Probably will need to do in several PR's, add similar method to txpool's grpc interface. Also our TxPool has 3 sub-pools: pending, baseFee, queued. (parity and geth have only pending and queued). This fact must reflect in api also.

We have txpool_content - but it doesn't have pagination (and we can't break compatibility here) - and if transfer 300K transactions in 1 message it's almost 1Gb. We need keep many limits (rpc and grpc) very hight because of this method.

shekhirin commented 2 years ago

Hi! I'd like to work on this one and to start need to clarify one thing regarding OpenEtheruem's implementation. Currently parity_pendingTransactions doesn't have an ability to do proper pagination (only to provide limit parameter) and does have filtering through passing filter parameter. Do we need both of these things (pagination and filtering) on Erigon's side?
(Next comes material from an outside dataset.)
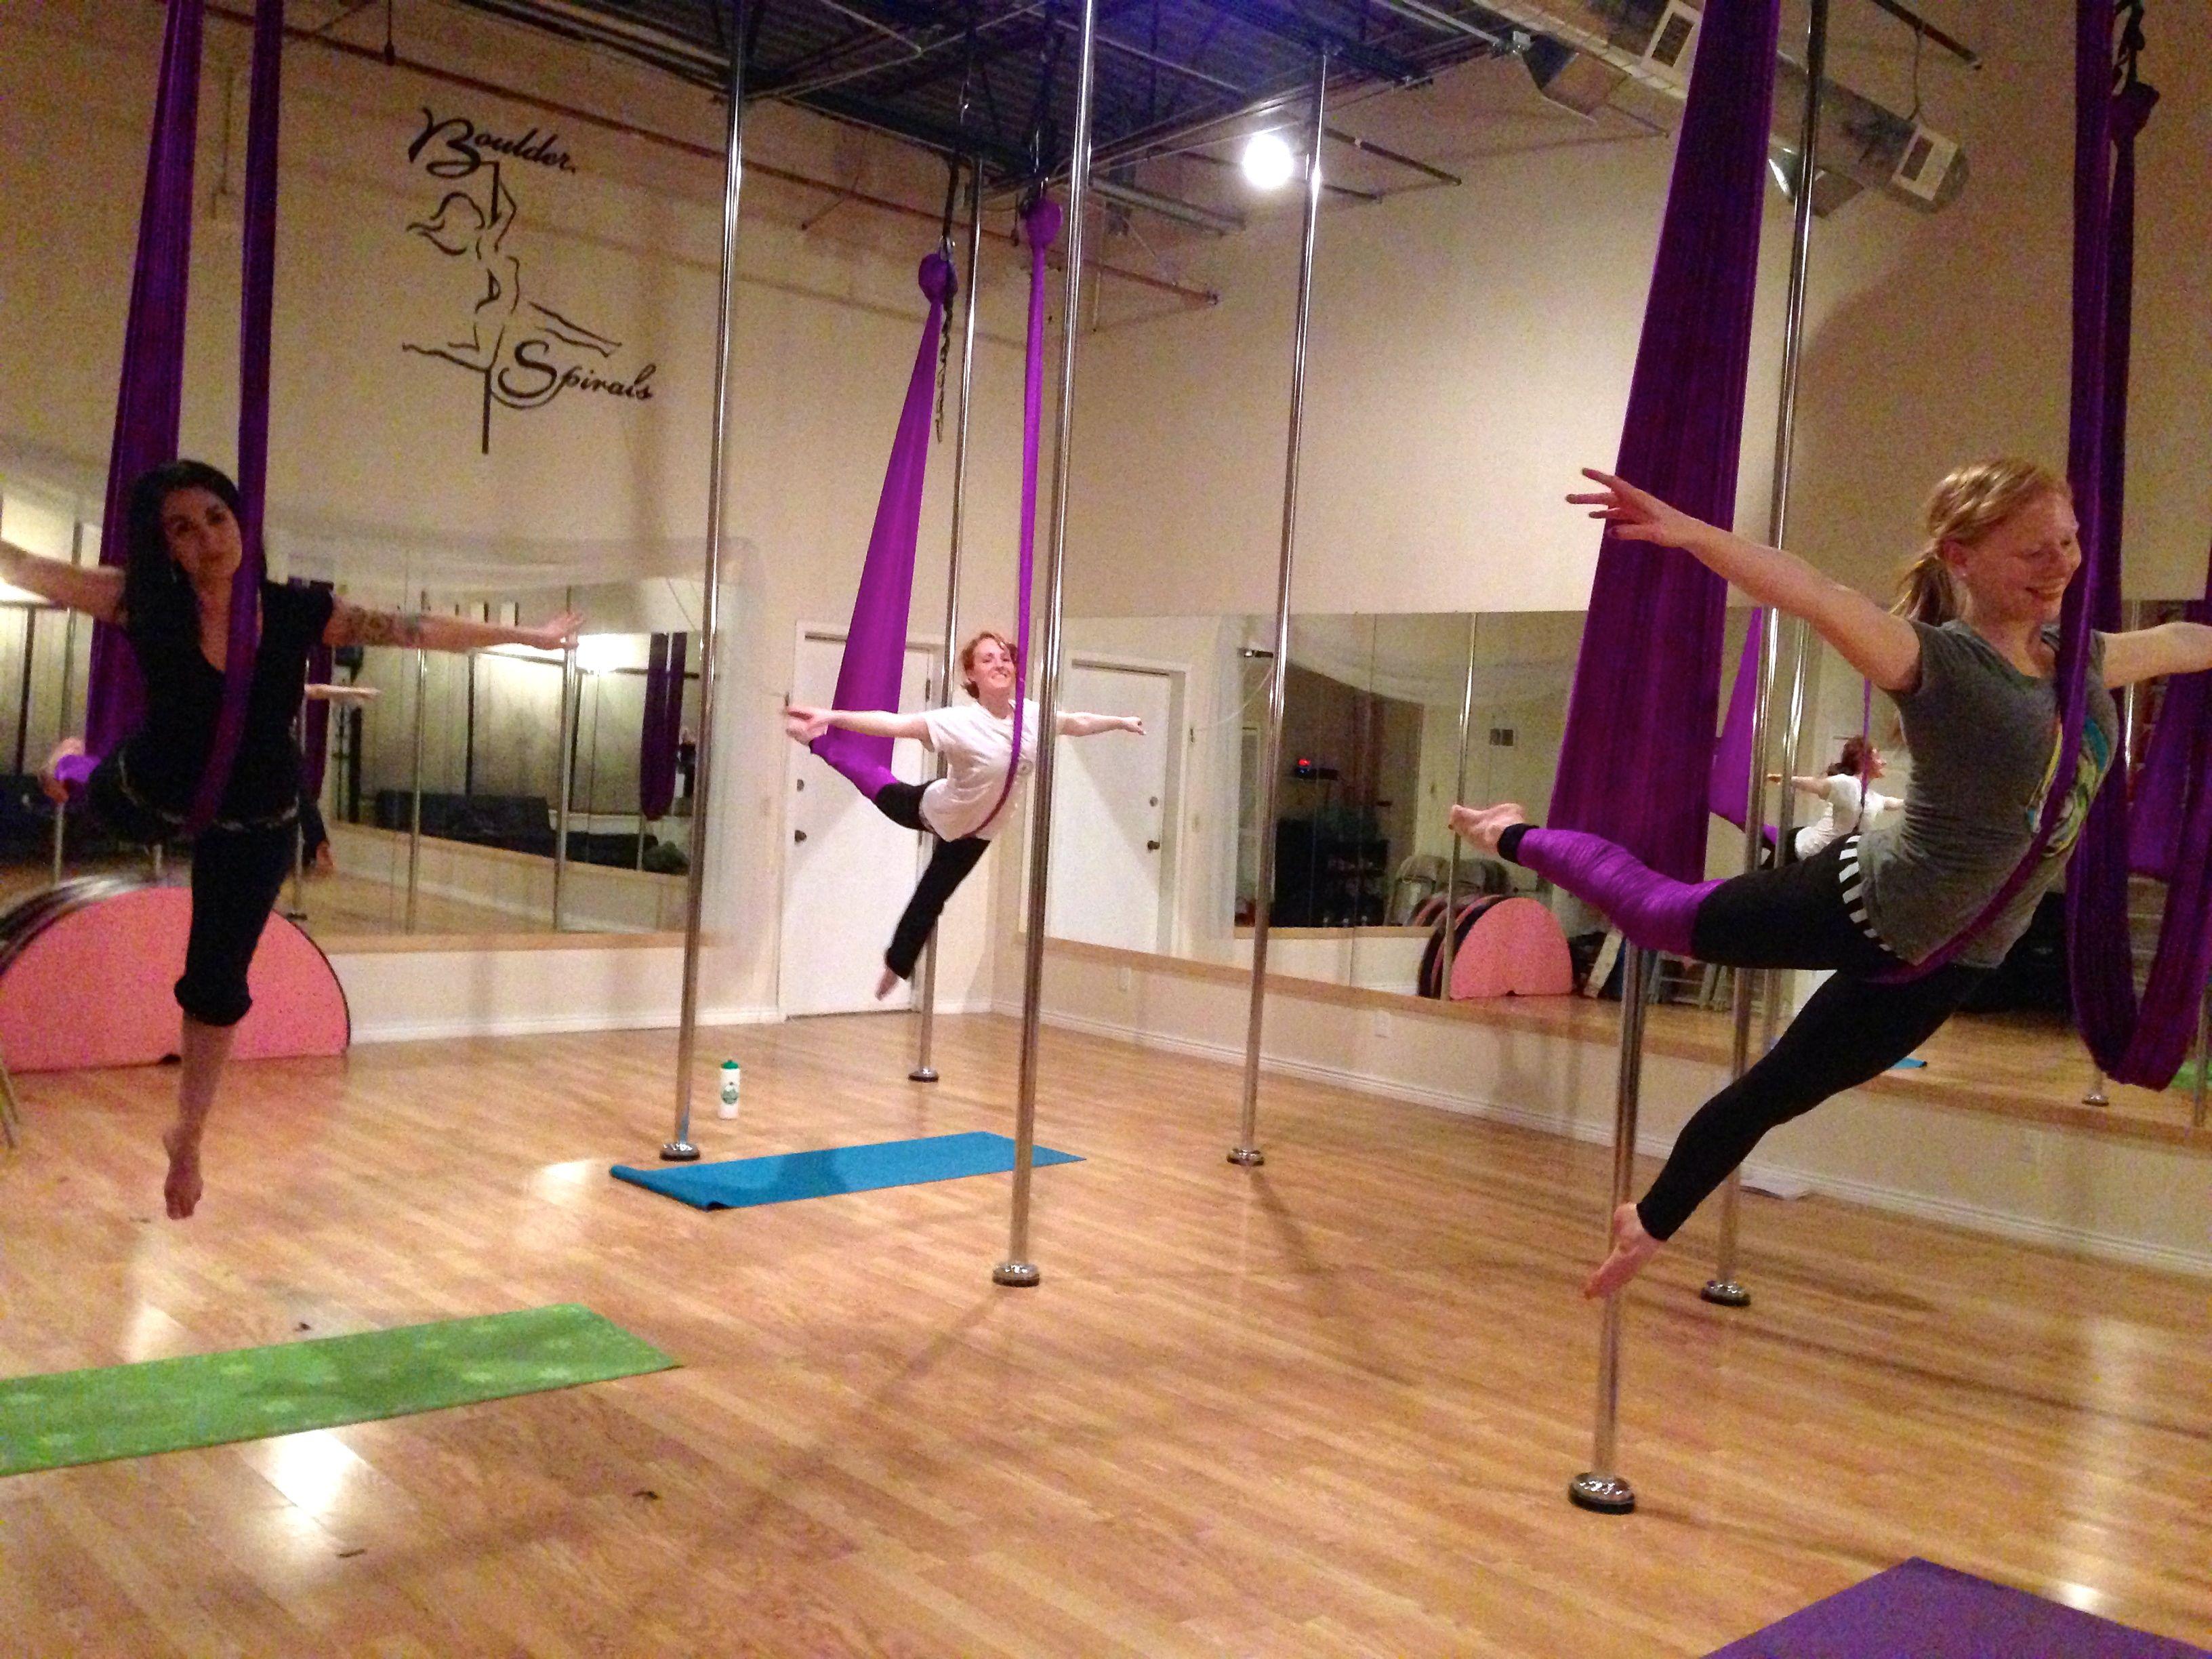 Fun in Aerial Yoga at Boulder Spirals Aerial yoga, Air

Also I think it might a bit confusing from user's perspective to have this method named pendingTransactions since it collides with pending sub-pool name but actually returns various types of transactions from the pool. Also it feels strange to me naming it pending because txpool already holds only pending (in terms of awaiting to be included in the block) transactions. What do you think about something generic like txpool_transactions?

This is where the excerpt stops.